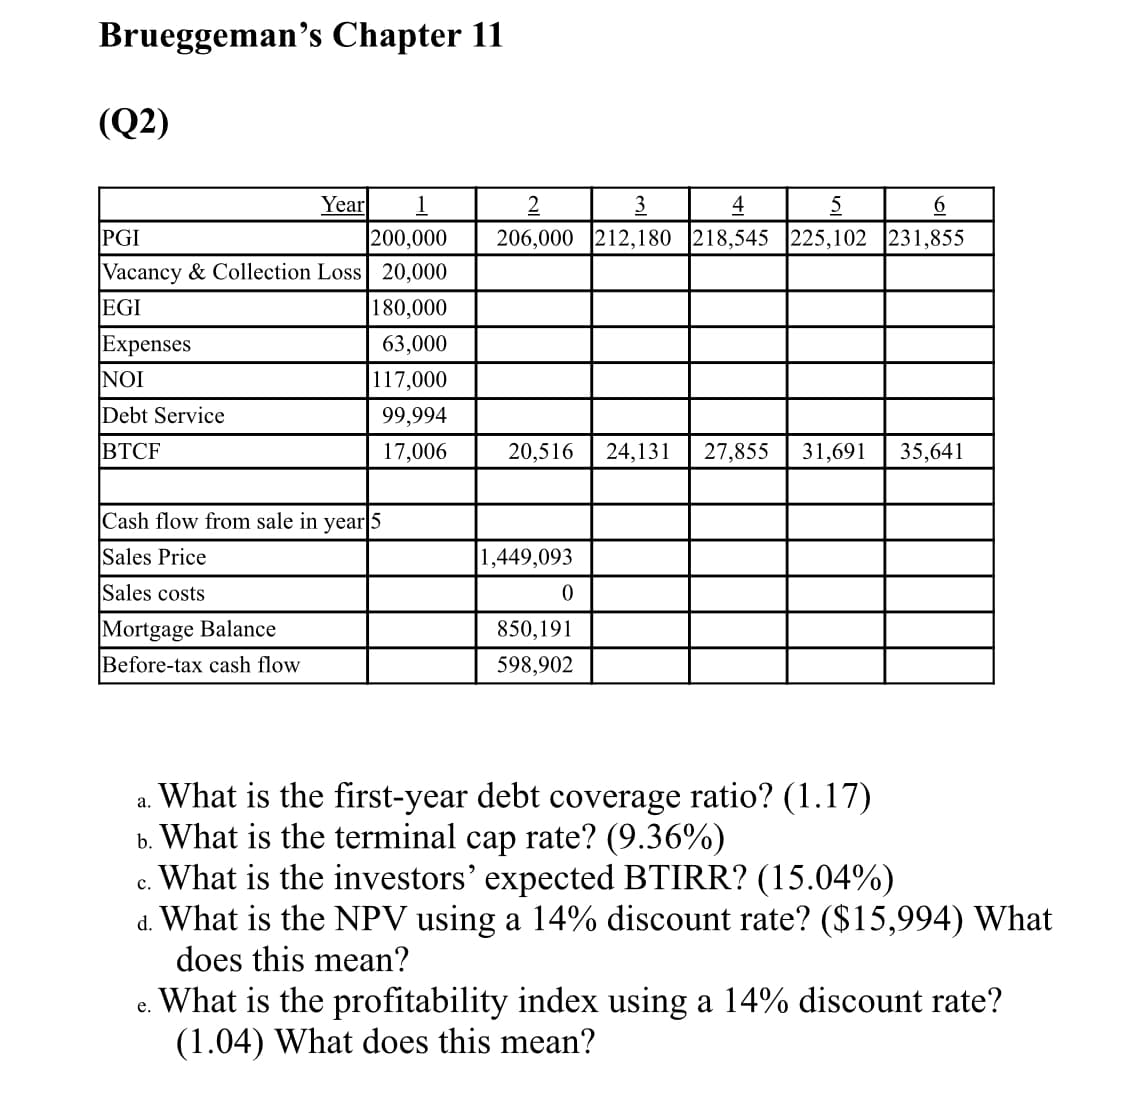 Brueggeman's Chapter 11
(Q2)
Year
200,000
Vacancy & Collection Loss 20,000
1
2
3
4
5
6.
PGI
206,000 212,180 218,545 225,102 231,855
EGI
180,000
Expenses
63,000
NOI
117,000
Debt Service
99,994
ВТСР
17,006
20,516
24,131
27,855
31,691
35,641
Cash flow from sale in year5
Sales Price
1,449,093
Sales costs
Mortgage Balance
Before-tax cash flow
850,191
598,902
What is the first-year debt coverage ratio? (1.17)
b. What is the terminal cap rate? (9.36%)
What is the investors' expected BTIRR? (15.04%)
d. What is the NPV using a 14% discount rate? ($15,994) What
does this mean?
а.
с.
What is the profitability index using a 14% discount rate?
(1.04) What does this mean?
е.

# # # #

▸ **Task instructions**: In the entries above, how many lines hold the word "does"? Answer with the number only.

▸ **Exercise result**: 2